Sadly politics is more about war than cooperation, we seem to be fighting about the last resources instead. That is the natural reaction to blame someone else when we fail to see our own mistakes.
Regards
P-O
P-O,
Global heating is almost 100% because of human activity, and no we cannot adjust to it being “just a little warmer” any more than when you have a 102°F fever, it’s just “a little warmer.” You’re dead.
Your earth science PhD from Google University is not a credential to argue science. Do you argue surgical technique with your cardiologist or neurosurgeon? Same situation.
As I said in my post, take your bet against climate change to Las Vegas and see what odds a professional bookmaker will give you–not one nickel because he knows the odds.
All the best,
Art
You sound like Lyndon LaRouche and Vincent Offer combined. Sad to see you turn your site into a carney act.
John,
You are not required to read my posts. I am not required to take your unsolicited advice.

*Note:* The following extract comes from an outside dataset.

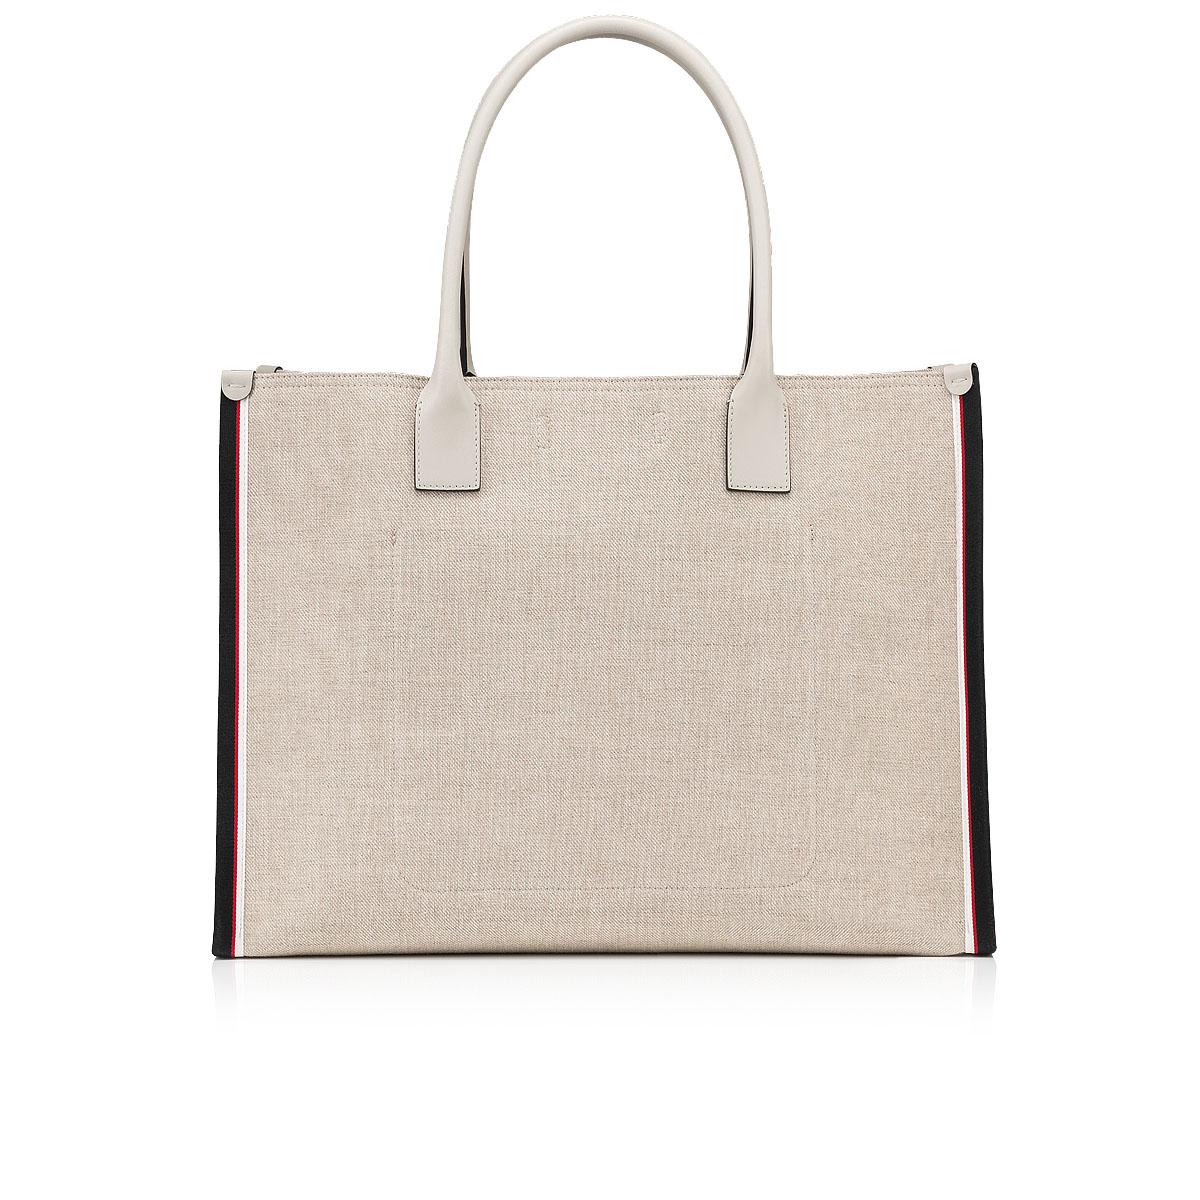 Nastroloubi F.A.V. XL - Tote bag - Linen Country and calf leather

It was not advice…It was an observation
Art, I agree with you that the evidence is overwhelming that temperatures are increasing due to human activity – predominantly the burning of fossil fuels. There is little left in the balance of probabilities to dispute this or the earth’s increasing energy (im)balance. However, I have difficulty with the fact that many academics and, unfortunately much of the (largely technically uninformed) media’s extrapolation of this to mean that all “attribution science” is settled. And that almost innumerable negative individual weather or weather related – not trends – (and even events seemingly totally unrelated to weather) can YET be attributed to climate change. (Although they might be in the future.) To me this “impatience to attribute” just gives deniers an opportunity to dispute the broader credibility of the message in your post.
Iam,
I don’t attribute every weather to climate change but I believe that there are compelling and persistent patterns of weather that are probably climate related.
I’m not concerned with climate-change deniers using my work as an opportunity to dispute the broader message because they will do that regardless of its content.